Teldat S.A.
- Type: Private
- Industry: Telecommunications, Network security
- Founded: 1985; 41 years ago
- Founder: Antonio García Marcos
- Headquarters: Tres Cantos, Madrid, Spain
- Key people: Antonio García Romero (CEO)
- Products: SD-WAN, Firewalls, Routers
- Website: teldat.com

= Teldat =

Spanish telecommunications company

Teldat S.A. is a Spanish telecommunications and network security company headquartered in Tres Cantos, Madrid. Founded in 1985, the company manufactures networking equipment such as routers and firewalls, and provides SD-WAN and cybersecurity services to enterprises and public sector organizations in Europe.

== History ==

Teldat was established in 1985 by the telecommunications engineer Antonio García Marcos in Madrid. The company initially focused on developing networking hardware for the Spanish market. In 1996 it reported a turnover of 3.15 billion pesetas (about 19 million euros), a 25 percent increase over the previous year, and employed over 100 people, around two thirds of them in research and development.

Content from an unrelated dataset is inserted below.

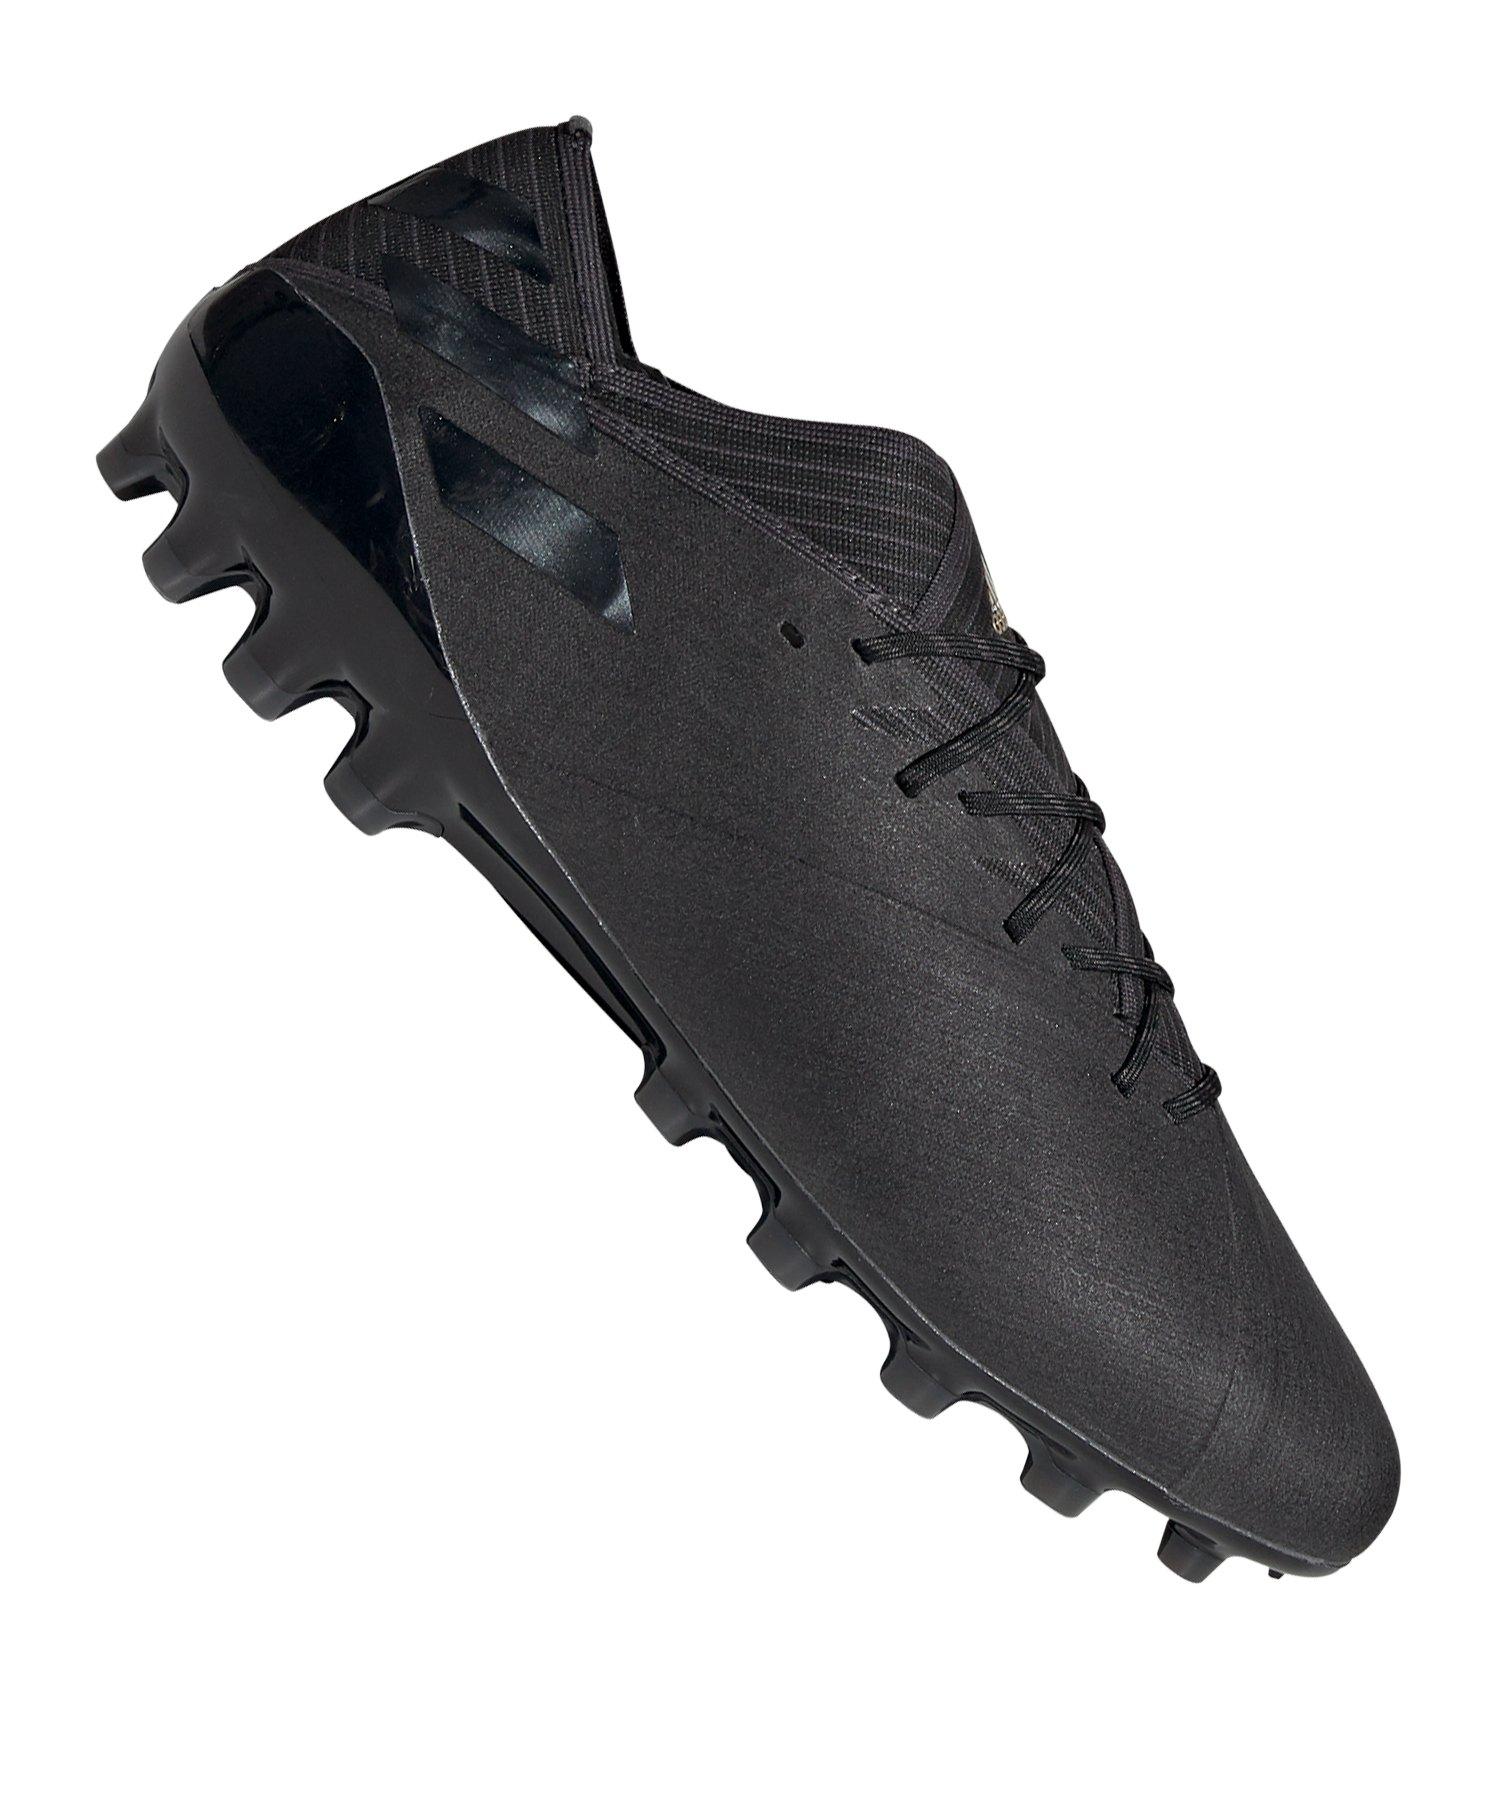 Angemessener Preis Herren Nike Air Force 1 '07 LV8 'Camo

In October 2011, Teldat agreed to acquire Funkwerk Enterprise Communications GmbH, the Nuremberg-based enterprise networking division of the German group Funkwerk AG, which sold networking and telephony equipment under the Bintec and Elmeg brands, at an enterprise value of about 11 million euros; at the time, Teldat itself had annual revenue of about 45 million euros and more than 600 employees. The acquisition was completed in January 2012 and the unit was renamed Teldat GmbH, and from January 2014 bintec elmeg GmbH. The subsidiary manufactured routers that Deutsche Telekom sold under its own "Digitalisierungsbox" brand to small businesses in Germany. By 2018, international sales accounted for approximately 62% of Teldat's revenue, partly through bintec elmeg. The subsidiary entered insolvency proceedings under self-administration in 2023, and ceased operations in 2024 after its restructuring failed.

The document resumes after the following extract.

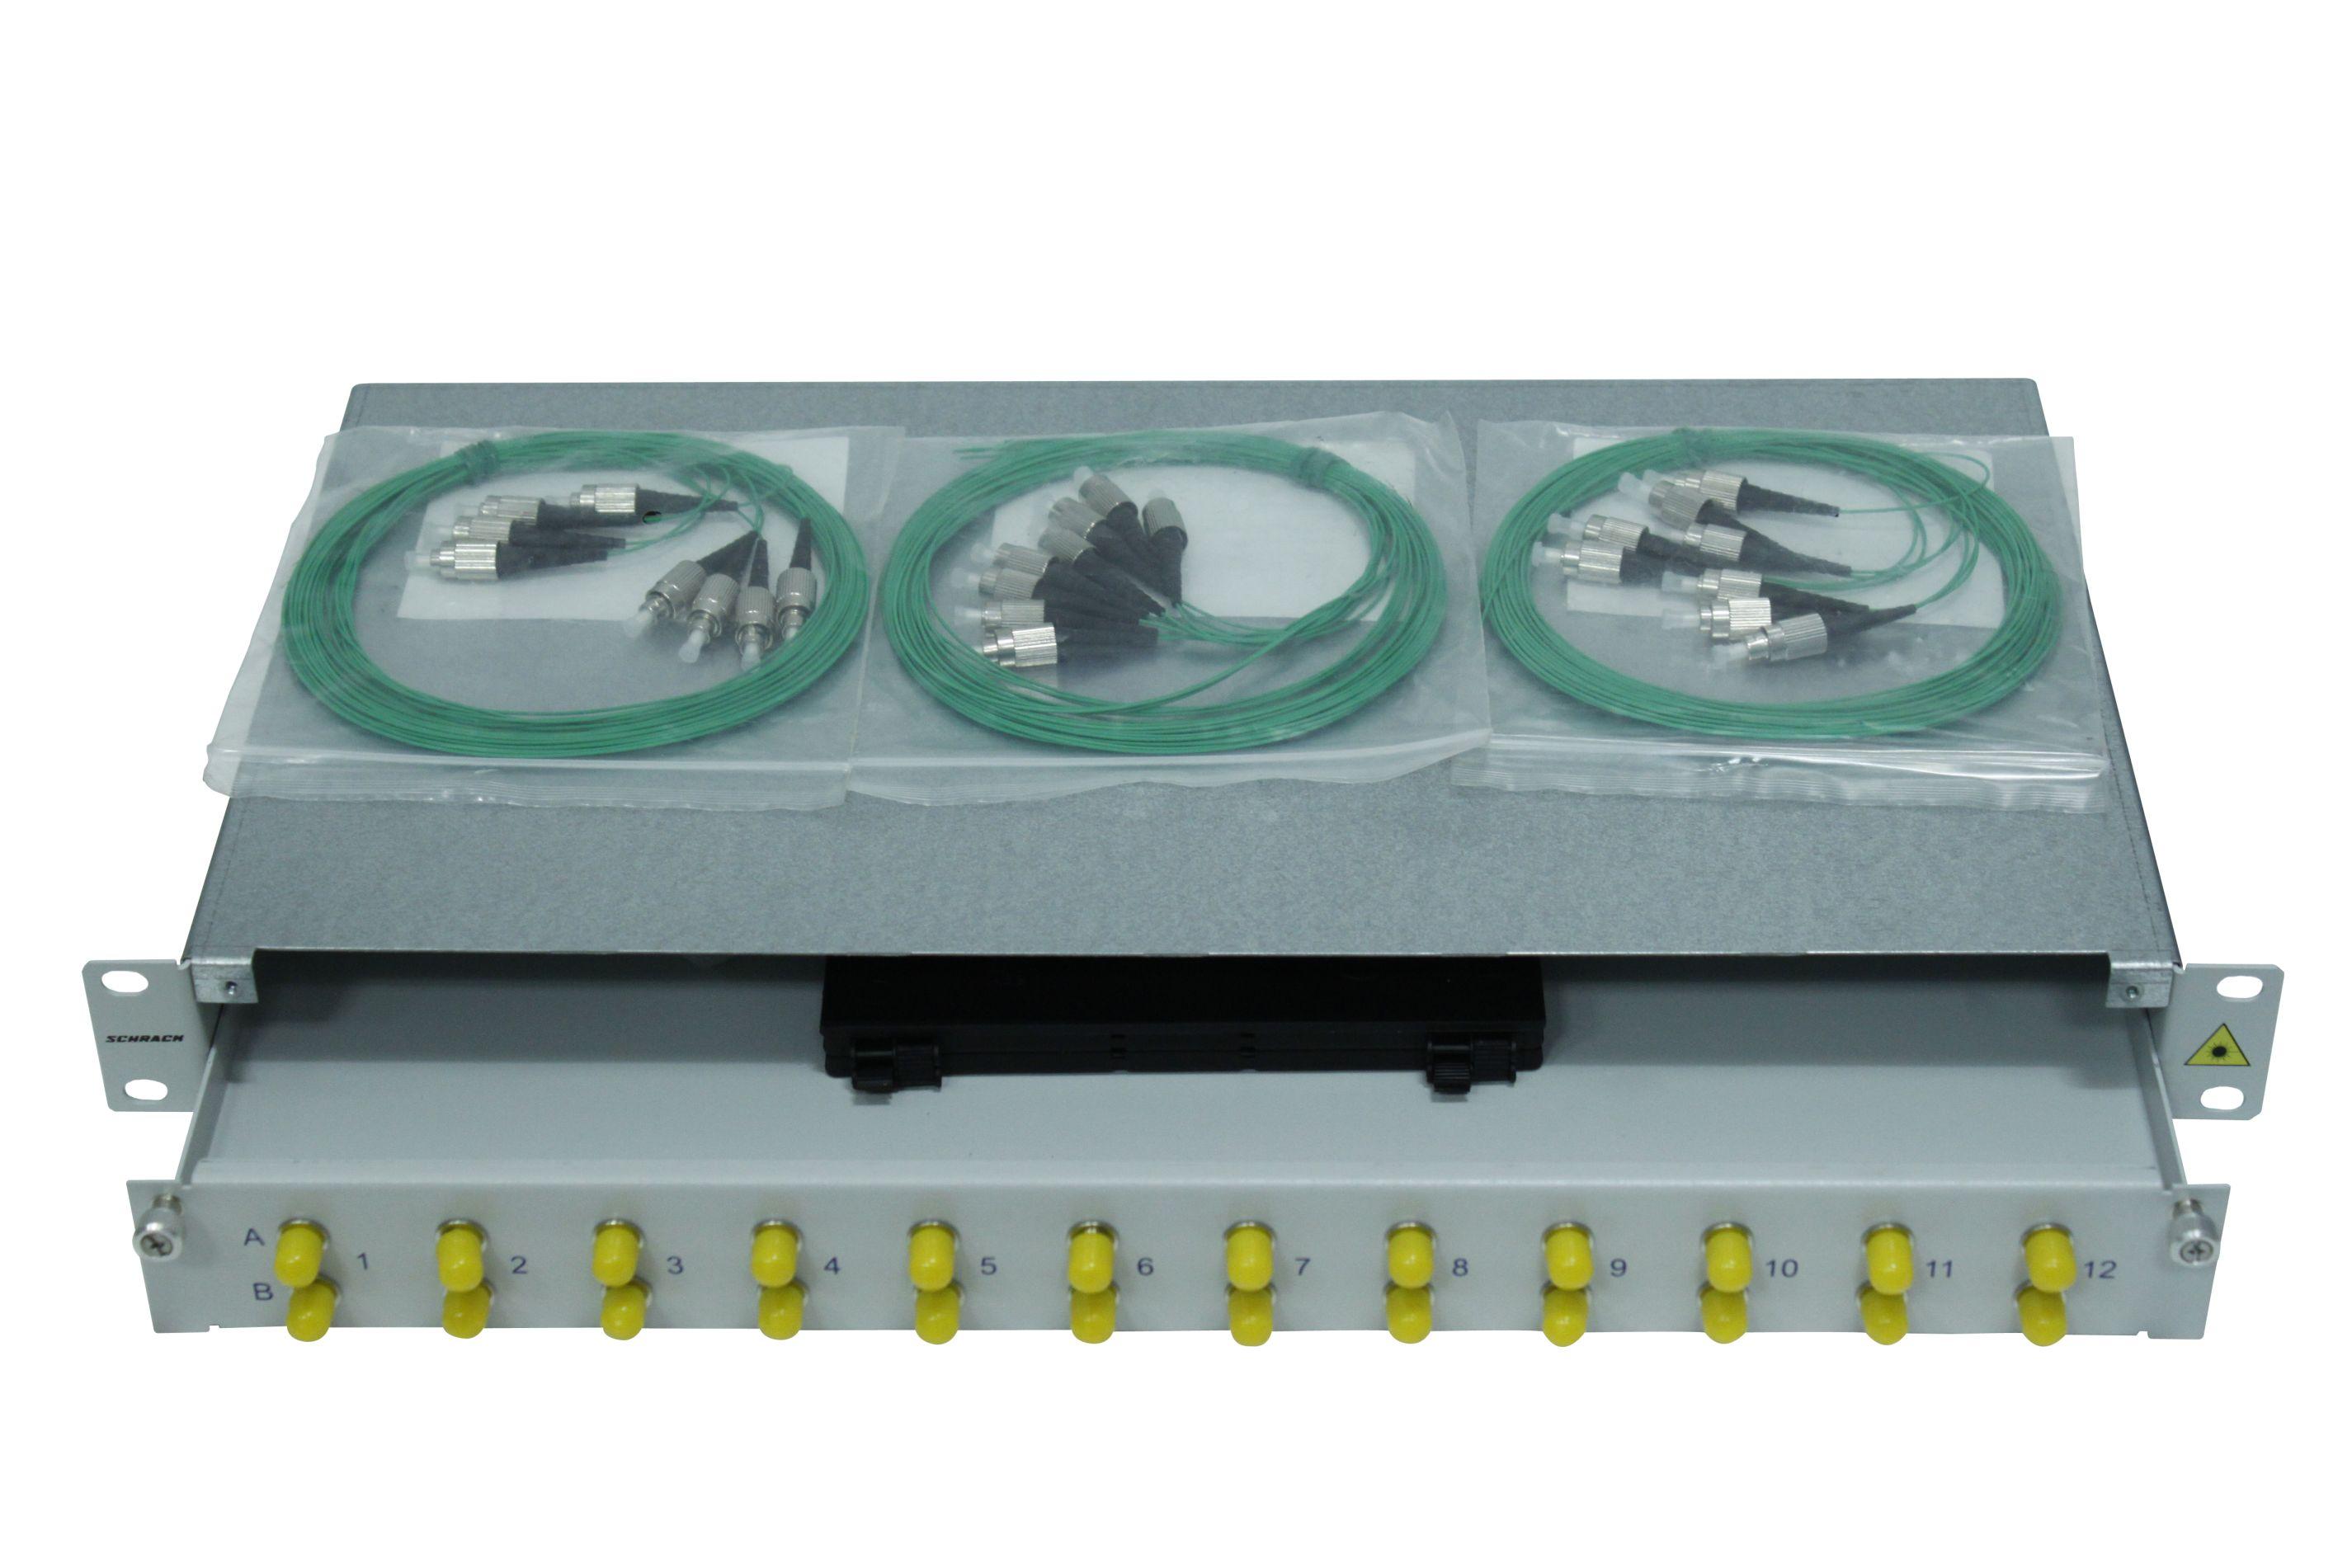 1 Stk LWL Spleißbox, 16Fasern, FC, 62,5/125µm OM1, 19, 1HE HSELS166FG

In October 2022, Antonio García Romero succeeded Ignacio Villaseca as the company's chief executive officer.

== Operations ==

The company has supplied networking infrastructure for several large-scale projects. In 2015, Deutsche Telekom contracted Teldat to provide equipment for the migration of its German network to IP technology. In 2024, the company was selected to upgrade communications systems on the Paris Metro with 5G and Wi-Fi 6 technology, and won a five-year, 7.1 million euro contract to deploy an SD-WAN network covering around 10,000 offices of the regional government of Andalusia. In 2025, Teldat and Telefónica were awarded a contract to migrate the communications networks of the roughly 10,800 points of sale of the Spanish state lottery operator Loterías y Apuestas del Estado from copper to fibre and 5G.

The research firm Gartner listed Teldat as a "niche player" in its 2019 Magic Quadrant for WAN edge infrastructure, and dropped the company from the 2021 edition of the report after it failed to meet the inclusion criteria.